Atomwise develops machine learning-based discovery engines and uses artificial intelligence (AI)-based neural networks to help discover new medicines. It predicts drug candidates for pharmaceutical companies, start-ups, and research institutions and designs drugs using computational drug design. It was formerly known as Chematria. The company was founded in 2012 and is based in San Francisco, California.
Aria Pharmaceuticals operates as a preclinical-stage pharmaceutical company that focuses on the discovery and development of novel, small-molecule therapies in the pharmaceutical industry. The company's main service is the development of new treatments for complex and hard-to-treat diseases using its proprietary symphony platform, which combines biomedical data and artificial intelligence to increase the success rates of drug discovery. Aria Pharmaceuticals primarily serves the healthcare sector, specifically targeting areas where new therapies are most needed. It was founded in 2014 and is based in Palo Alto, California.

Healx focused on drug discovery in the healthcare sector. The company specializes in developing treatments for rare diseases by leveraging artificial intelligence and drug development expertise. Healx was formerly known as Healx3. It was founded in 2014 and is based in Cambridge, United Kingdom.

Standigm specializes in AI-driven drug discovery within the pharmaceutical industry. The company provides services, including target identification, lead generation, and optimization, as well as AI SaaS solutions for drug development. Standigm primarily serves sectors engaged in pharmaceutical research and drug development. It was founded in 2015 and is based in Seoul, South Korea.

Aitia operates as a biotechnology company.
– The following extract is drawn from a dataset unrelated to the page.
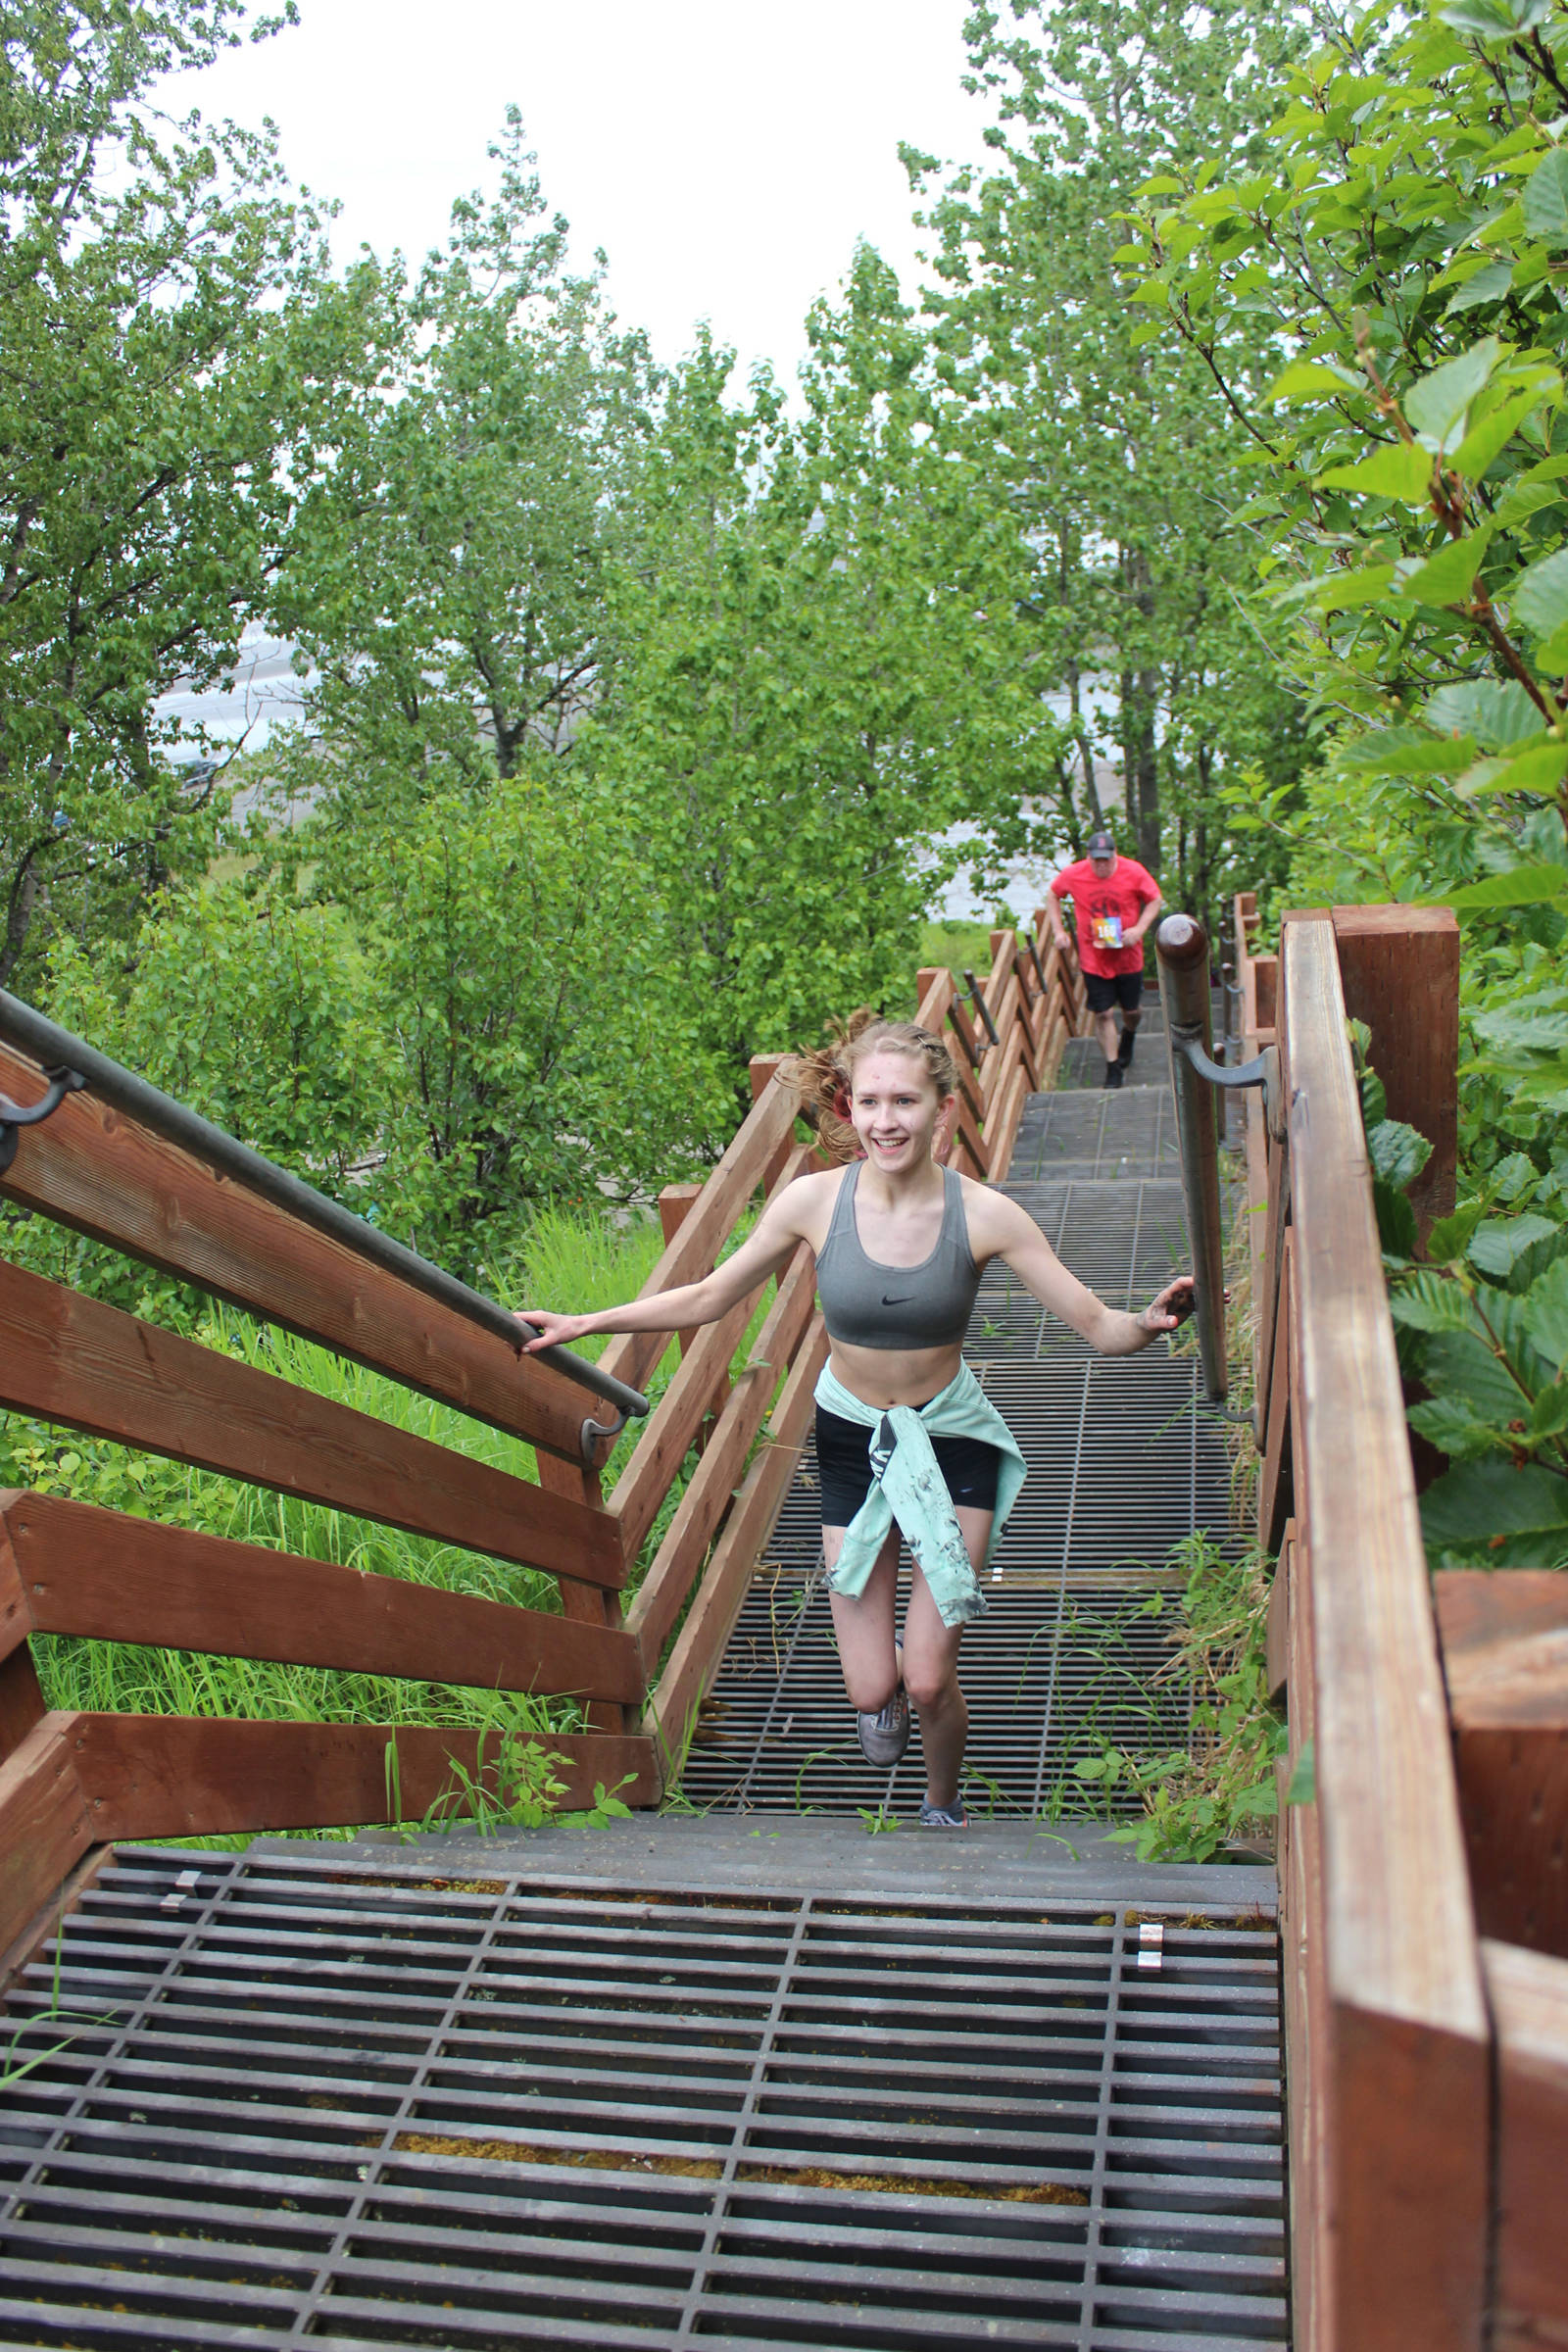 A smiling Jaycee Corey tackles the last challenge in the 2019 Clam Scramble: 115 stairs leading from Ninilchik beach to the finish line at the race held Saturday, June 15, 2019 in Ninilchik, Alaska. (Photo by McKibben Jackinsky)

It utilizes causal artificial intelligence (AI), multi-omic patient data, and Gemini Digital Twins to study the biological mechanisms of diseases in the oncology and neurodegenerative disease sectors. The company aims to create computational representations of diseases to assist in the development of therapies. It was founded in 2000 and is based in Somerville, Massachusetts.

Insilico Medicine focuses on artificial intelligence in drug discovery and development. The company provides artificial intelligence platforms for multi-omics target discovery, deep biology analysis, automated drug design, and predicting outcomes in clinical trials. The technologies are intended to assist in the process of discovering and developing new medications for various diseases. It was founded in 2014 and is based in New Territories, Hong Kong.